A legal cause is simply a cause that was “a substantial factor in bringing about the injury.” Nev. J.I. 4.04A. A legal cause argument is used in place of the proximate cause test when the plaintiff’s injury may have had two causes, and either of those causes would’ve caused the injury by itself. Wyeth v. Rowatt
, 126 Nev. 446, 464-65 (2010).
Other forms of negligence
There are several other kinds of negligence that you may run across. A lawsuit may claim more than one type of negligence, hoping to prevail on the most serious one.
- Gross negligence is a variety of negligence that can apply where a defendant has acted especially badly.

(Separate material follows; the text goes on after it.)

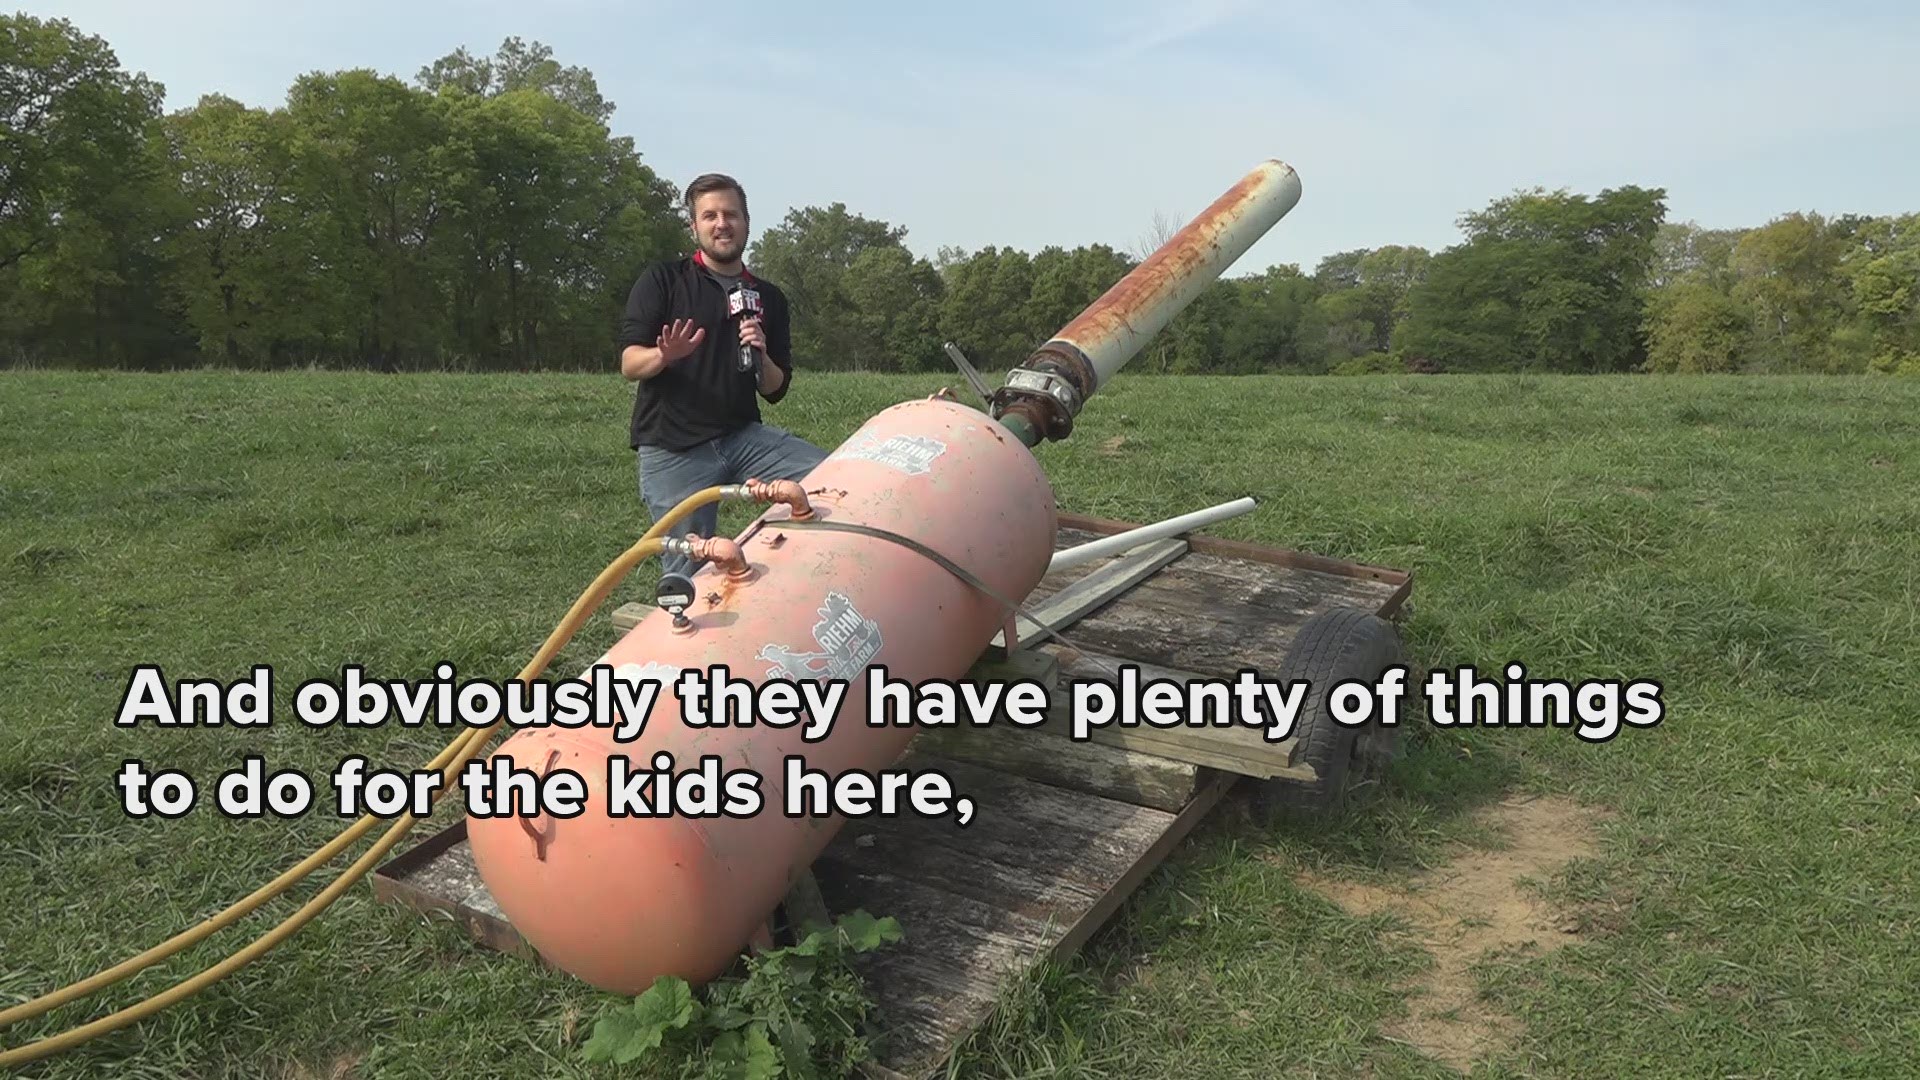 The Riehm's pumpkin cannon can launch a pumpkin over 500 yards

What differentiates gross negligence from ordinary negligence is the degree to which the defendant has acted without care. Nev. J.I. 6.21. The Nevada Supreme Court has described it as an “indifference to present legal duty . . . [an] utter forgetfulness of legal obligations so far as other persons may be affected.” Hart v. Kline, 61 Nev. 96 (1941).
- Negligence per se is a special variety of negligence that arises in cases where the defendant caused the plaintiff’s injury by violating a statute that was designed to protect a class of persons to which the plaintiff belongs. Barnes v. Delta Lines, 99 Nev. 688, 690 (1983). An example of a negligence per se situation might be a car accident caused by someone running a red light.

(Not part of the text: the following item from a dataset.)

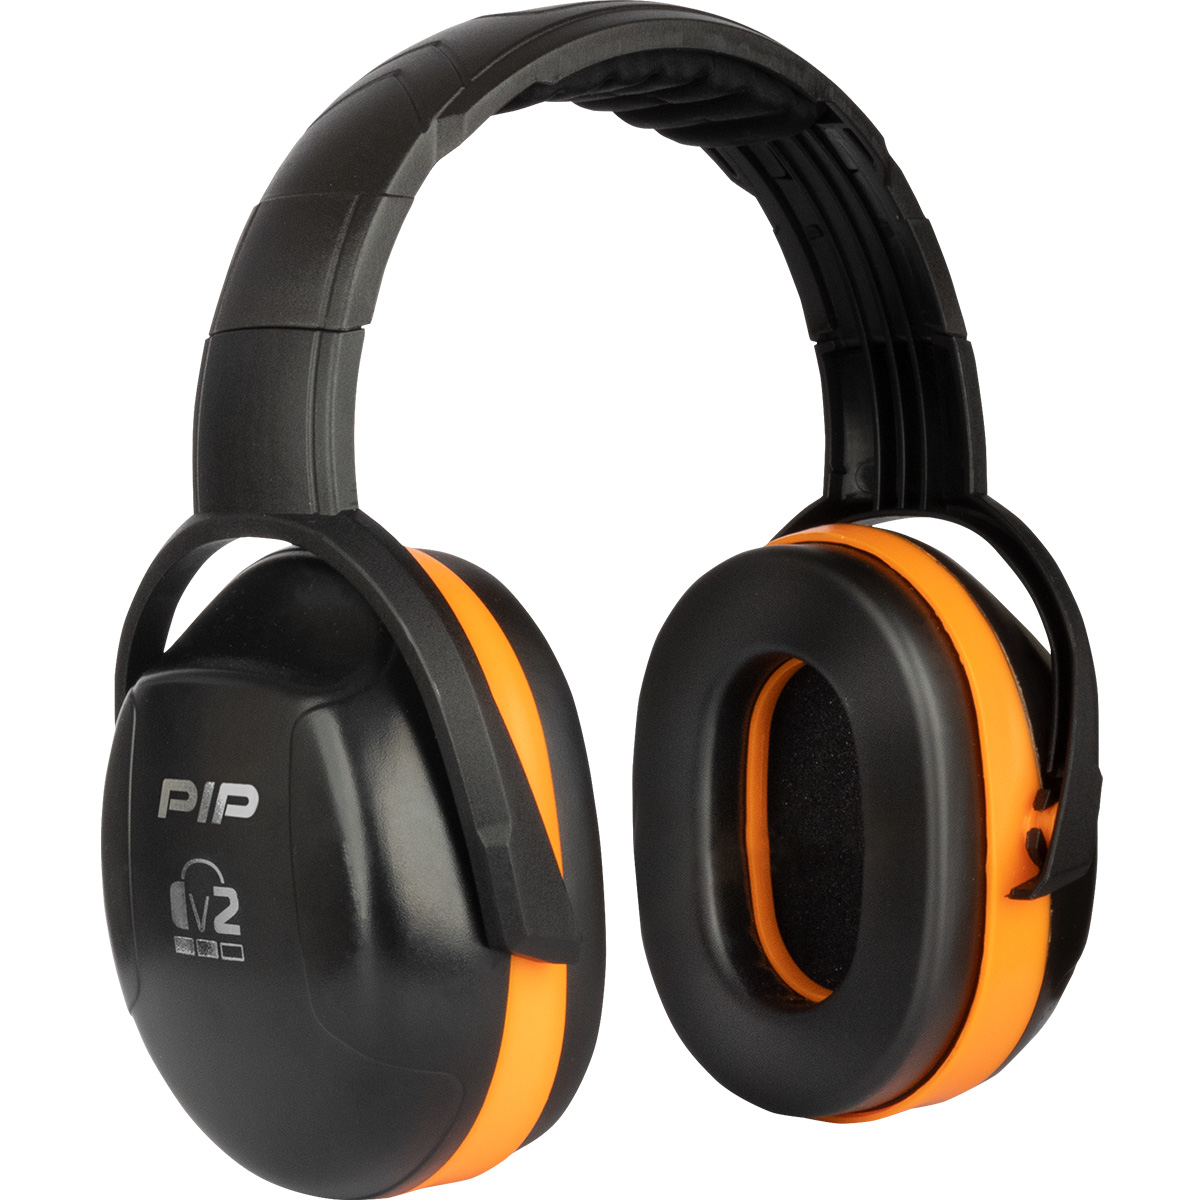 PIP V2 Ear Muff with Adjustable Headband NRR 25 263-V2HB

- Comparative negligence is a legal defense that a defendant uses to reduce the amount of damages they owe by the extent to which the plaintiff’s negligence contributed to the injury. A jury will assign the plaintiff’s negligence a percentage of responsibility for the plaintiff’s injuries. Under Nevada’s modified comparative negligence statute, NRS 41.141, if the plaintiff is more than 50% at fault, he or she cannot recover anything.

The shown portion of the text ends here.